Na pesquisa, qualquer idoso que consiga ler e que saiba usar um equipamento tecnológico pode participar. Se tiver dificuldade com essa tecnologia e/ou de leitura, a pessoa pode, logo no início, informar um número de telefone celular, e alguém da equipe fará a entrevista. É importante que somente aqueles que têm dificuldade optem por isso. De acordo com o professor, não precisa ser brasileiro para fazer parte da pesquisa. Há, inclusive, uma equipe coletando dados em Portugal.
Já aprovado pela Comissão Nacional de Ética em Pesquisa, o estudo é de responsabilidade dos cursos de graduação e pós-graduação em Psicologia da UFJF. Os interessados em participar podem escolher entre responder o questionário por telefone ou de forma on-line.

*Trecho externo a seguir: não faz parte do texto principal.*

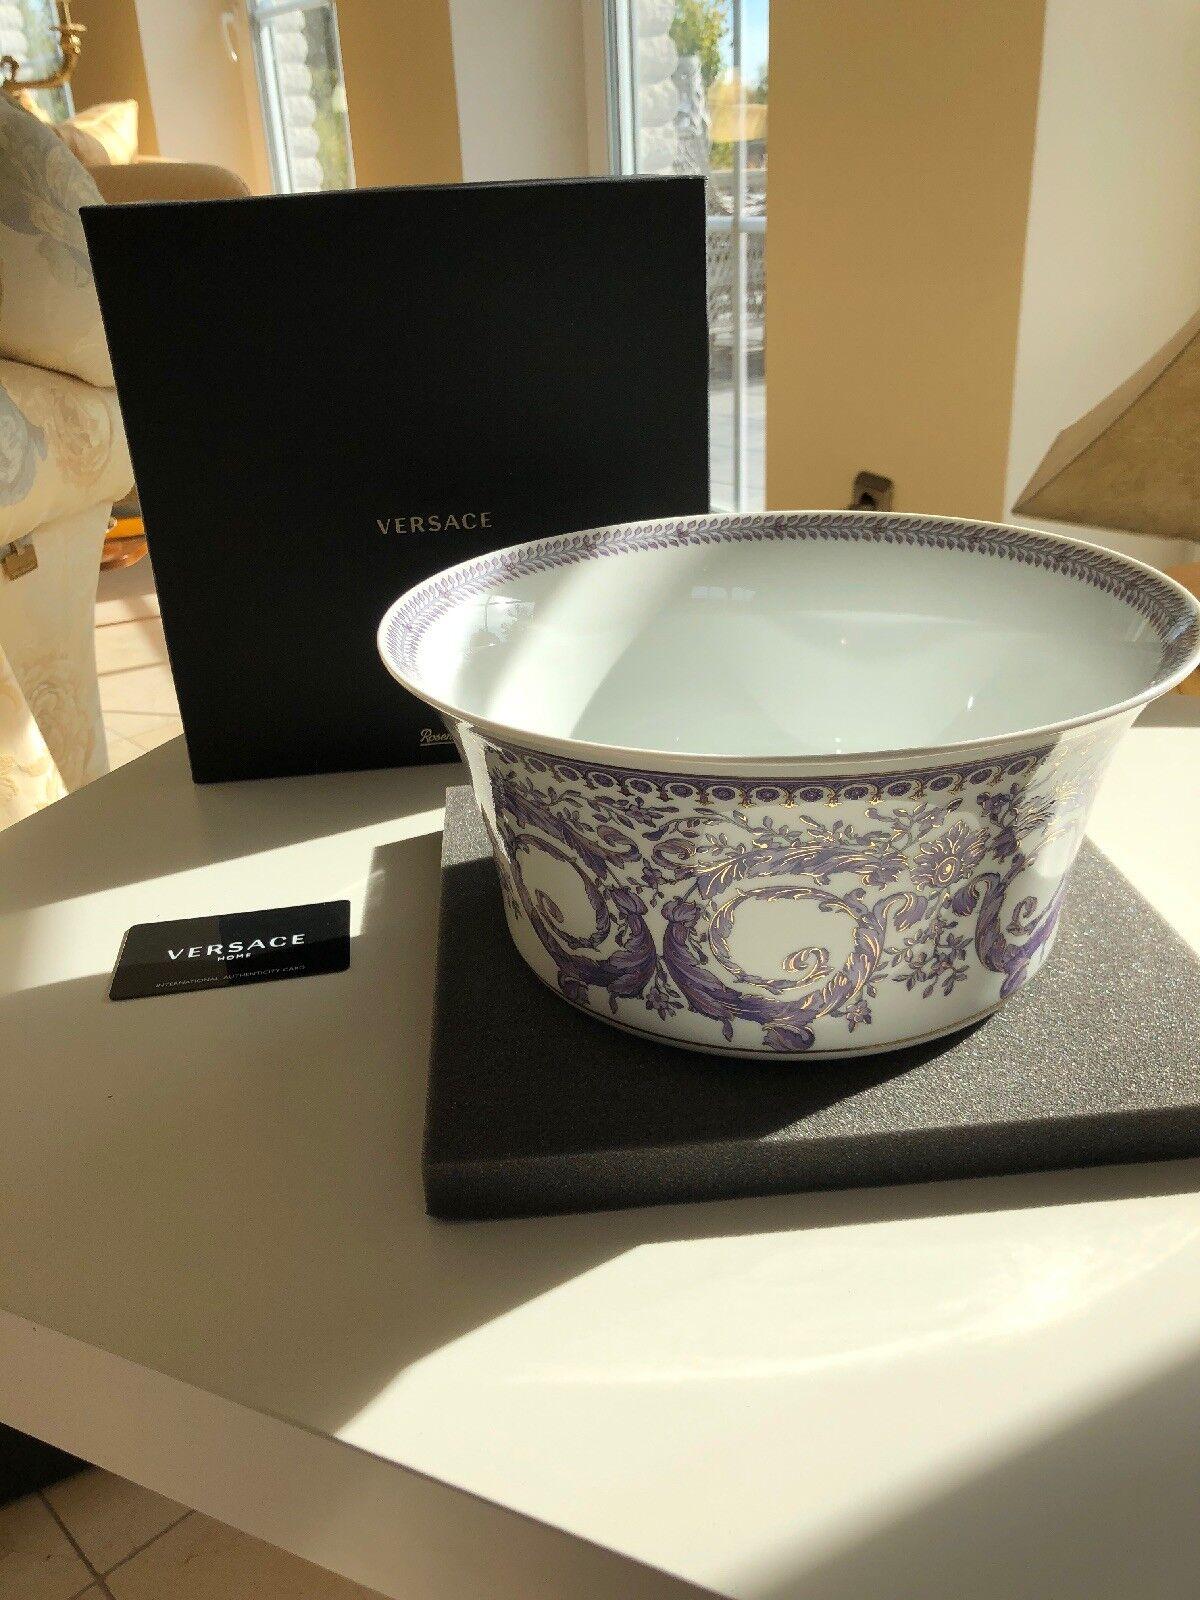 Rosanthal Versace Le Grand DiGrünissement große Schüssel 25cm Neu OVP | Online Outlet Shop

Apoio familiar é fundamental
De acordo com o IBGE, há aproximadamente 28 milhões de idosos no Brasil, o que representa 13% da população do país. Este percentual tende a dobrar nas próximas décadas, segundo a Projeção da População, divulgada em 2018. Na pandemia da Covid-19, os idosos foram considerados grupos de risco e, de acordo com abordagem feita pela ONU, pessoas com 80 anos ou mais têm uma mortalidade cinco vezes maior do que a mortalidade global. Nesse caso, os cuidados com a saúde dos idosos precisam ser redobrados.
Segundo a psicóloga Cleide Campos, o apoio dos familiares neste momento é fundamental. “Permanecer conectado às pessoas significativas é importante. Há várias opções de aplicativos para fazer chamada de vídeo. O modelo tradicional de telefonar também é bem-vindo. Tome cuidado para não infantilizar o idoso, porque isso pode afetar sua autoestima.”
Por serem mais vulneráveis ao isolamento, os idosos não devem ser tratados como invisíveis ou inúteis. Essa parcela da população, muitas vezes, é esquecida e abandonada, por isso a empatia social é muito importante. Além da Covid-19, a faixa etária segue sofrendo com outras enfermidades físicas e psíquicas.